La valeur sociale de l’innovation technologique en question

On aurait vite fait de voir dans les technologies en question une panacée « universelle » propre à concerner chacun sur cette terre. Or elle ne concerne que quelques utilisateurs privilégiés, certes les plus prompts au tapage et à l’autosatisfaction.
Les utilisateurs du réseau Internet sont principalement des nord-américains et autres habitants des pays développés. Ils ont les moyens financiers et intellectuels de s’approprier les nouvelles technologies de communication qui reflètent leur culture occidentale ; ils se sont saisis de cet outil (qu’ils ont eux-même engendré) et favorisent ainsi le développement d’une culture bien particulière qui véhicule de la sorte ses propres valeurs. Tout laisse donc à penser que l’extension d’Intemet à d’autres populations demandera, de la part de celles-ci une adaptation forte qui s’accompagnera peut-être d’une perte de la richesse des échanges liée ordinairement à la diversité culturelle et aux traditions orales.
Il faut impérativement interroger, à cet égard, la véritable valeur sociale de l’innovation technologique : car une innovation ne vaut que si elle est associée à une poussée sociale qui la soutient, l’attendait et l’impose2. Elle n’atteint son statut de « progrès technique » que si une partie non négligeable du corps social peut et sait l’utiliser. Elle dépend de la faculté du groupe à l’adopter, à l’intégrer, à l’adapter au quotidien. Or tel n’est le cas que dans les régions les plus « favorisées » du monde.
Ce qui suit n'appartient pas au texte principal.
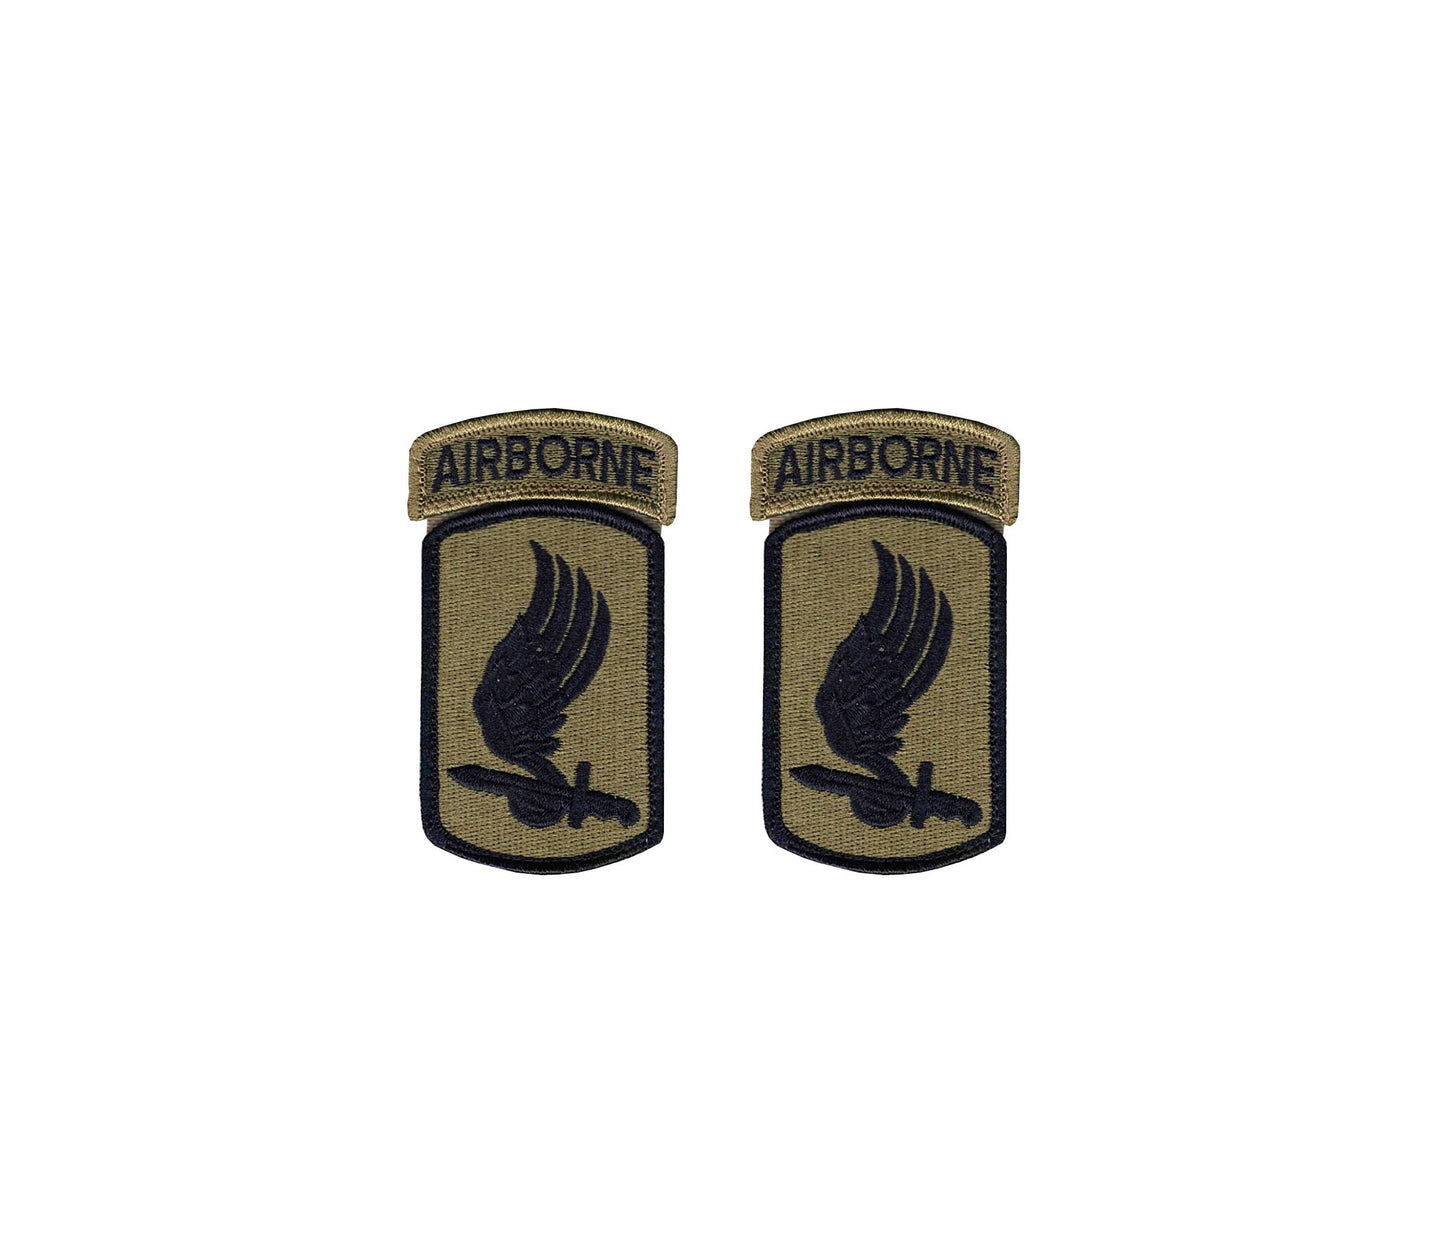 U.S. Army 173rd Airborne Brigade OCP Patch with Hook Fastener and Airborne Tab (pair)

Technolâtrie et marché de dupes

Célérité contre lucidité tel risque bien d’être le marché de dupes. D’autres aspects découlent de la fébrilité technolâtrique. Un des risques encourus est celui d’une uniformisation de la communication qui serait induite par le support puisque, pour se faire comprendre par la majorité des utilisateurs, il faudra concevoir les messages selon des codes faisant référence à des concepts culturels minimaux, dépendant de surcroît de la culture et des contraintes informatiques. Plus que jamais le medium sera le message3 !
Autre chose, mais ce n’est pas le moindre danger : que peut-on penser d’un « outil » qui se prétend de « communication » et qui évacue, voire même qui occulte trois des cinq sens : le toucher, l’odorat et le goût, sens tous trois réputés prépondérants lors des contacts interculturels ?

Remarques qui nous ramèneraient à interroger l’intérêt qu’il y a à toujours commencer par l’étude de l’objectif de la communication : le « pour quoi communiquer ? » et le « pour communiquer quoi? »

Idol̢trer ou diaboliser РSeule alternative ?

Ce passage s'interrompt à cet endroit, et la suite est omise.